Time-resolved room temperature protein phosphorescence: nonexponential decay from single emitting tryptophans.

The single room temperature phosphorescent (RTP) residue of horse liver alcohol dehydrogenase (LADH). Trp-314, and of alkaline phosphatase (AP), Trp-109, show nonexponential phosphorescence decays when the data are collected to a high degree of precision. Using the maximum entropy method (MEM) for the analysis of these decays, it is shown that AP phosphorescence decay is dominated by a single Gaussian distribution, whereas for LADH the data reveal two amplitude packets. The lifetime-normalized width of the MEM distribution for both proteins is larger than that obtained for model monoexponential chromophores (e.g., terbium in water and pyrene in cyclohexane). Experiments show that the nonexponential decay is fundamental; i.e., an intrinsic property of the pure protein. Because phosphorescence reports on the state of the emitting chromophore, such nonexponential behavior could be caused by the presence of excited state reactions. However, it is also well known that the phosphorescence lifetime of a tryptophan residue is strongly dependent on the local flexibility around the indole moiety.

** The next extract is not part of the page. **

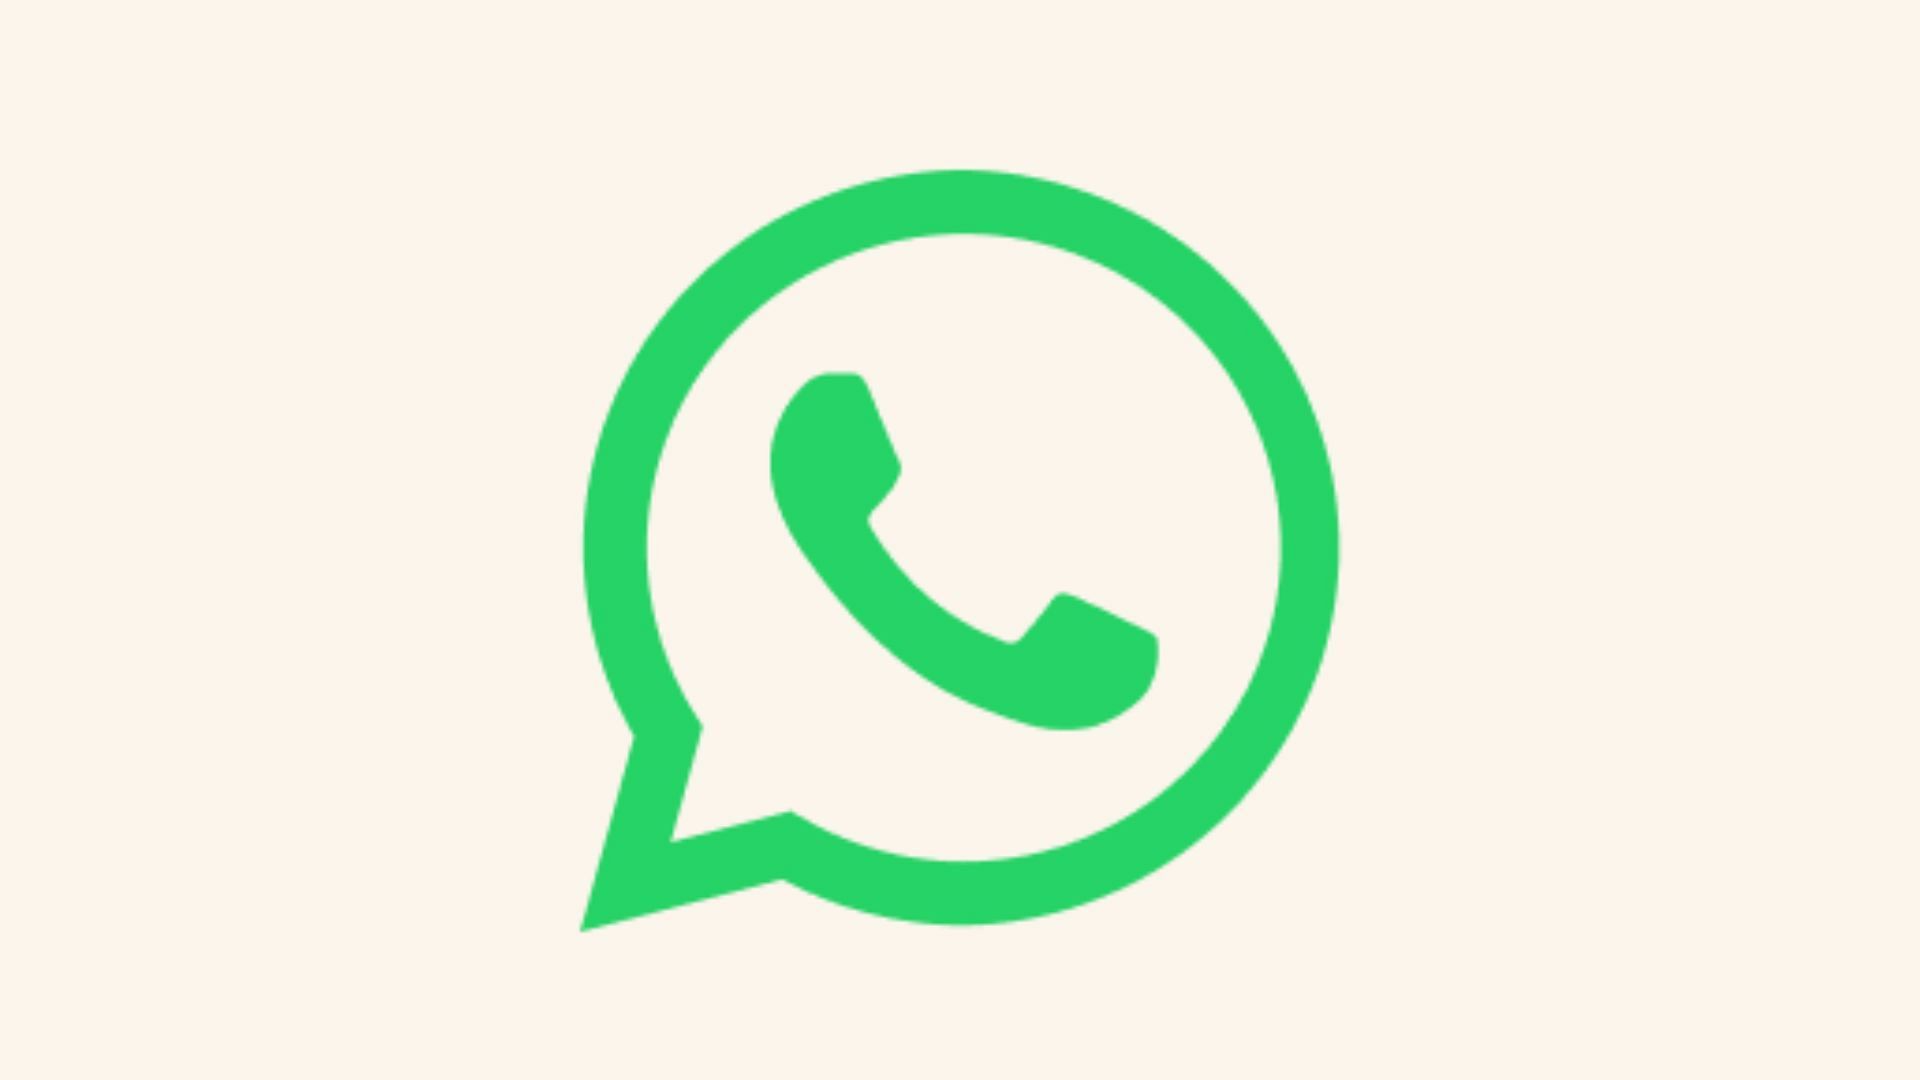 WhatsApp users can now edit messages (Image via WhatsApp)

Hence, the nonexponential phosphorescence decay may also be caused by the presence of at least two states of different local rigidity (in the vicinity of the phosphorescing tryptophan) corresponding to different ground state conformers. The observation that in the chemically homogeneous LADH sample the phosphorescence decay kinetics depends on the excitation wavelength further supports this latter interpretation. This dependence is caused by the wavelength-selective excitation of Trp-314 in a subensemble of LADH molecules with differing hydrophobic and rigid environments. With this interpretation, the data show that interconversion of these states occurs on a time scale long compared with the phosphorescence decay (0.1-1.0 s). Further experiments reveal that with increasing temperature the distributed phosphorescence decay rates for both AP and LADH broaden, thus indicating that either 1) the number of conformational states populated at higher temperature increases or 2) the temperature differentially affects individual conformer states. The nature of the observed heterogeneous triplet state kinetics and their relationship to aspects of protein dynamics are discussed.